-- Directions for this task --
Only the pictures are dropped. Restate each line below word for word.

-- Data block --
>>

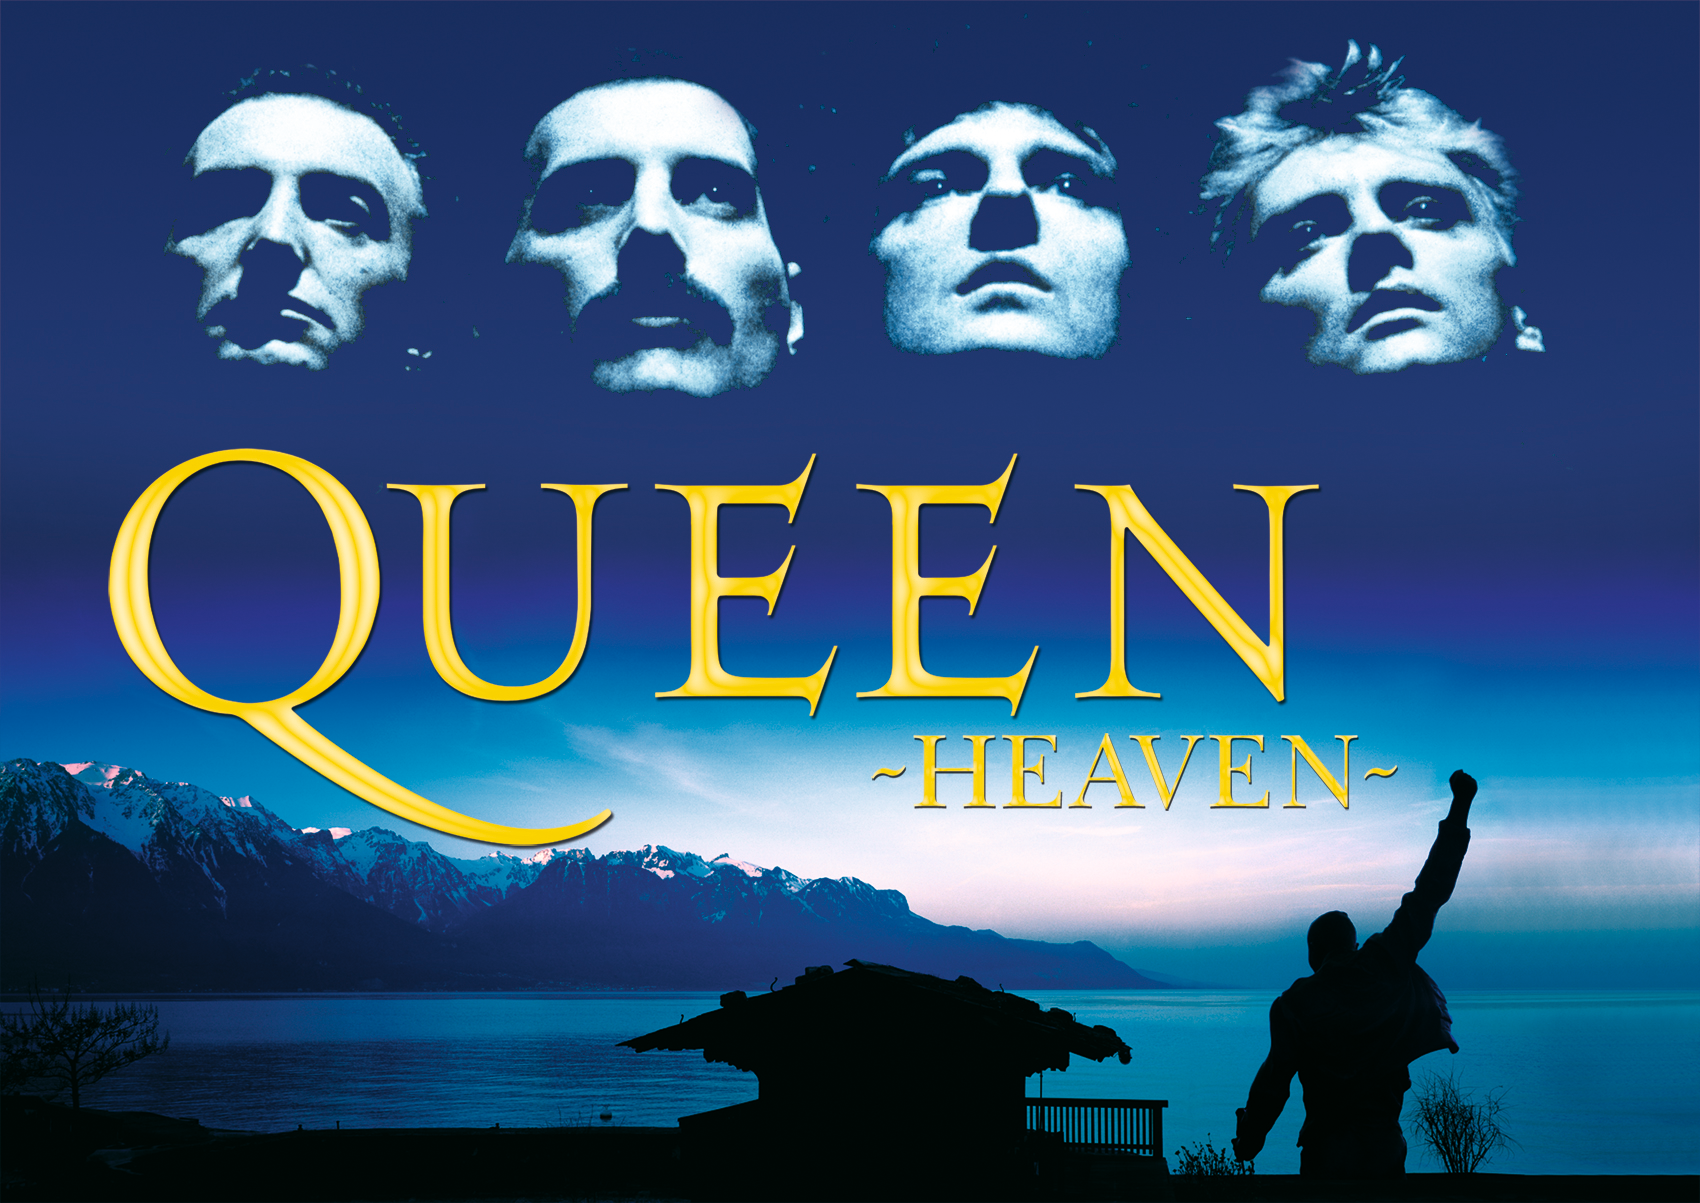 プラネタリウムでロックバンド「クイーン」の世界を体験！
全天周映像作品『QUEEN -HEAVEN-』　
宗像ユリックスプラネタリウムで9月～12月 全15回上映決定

<<

-- Solution for this exercise --
 プラネタリウムでロックバンド「クイーン」の世界を体験！
全天周映像作品『QUEEN -HEAVEN-』　
宗像ユリックスプラネタリウムで9月～12月 全15回上映決定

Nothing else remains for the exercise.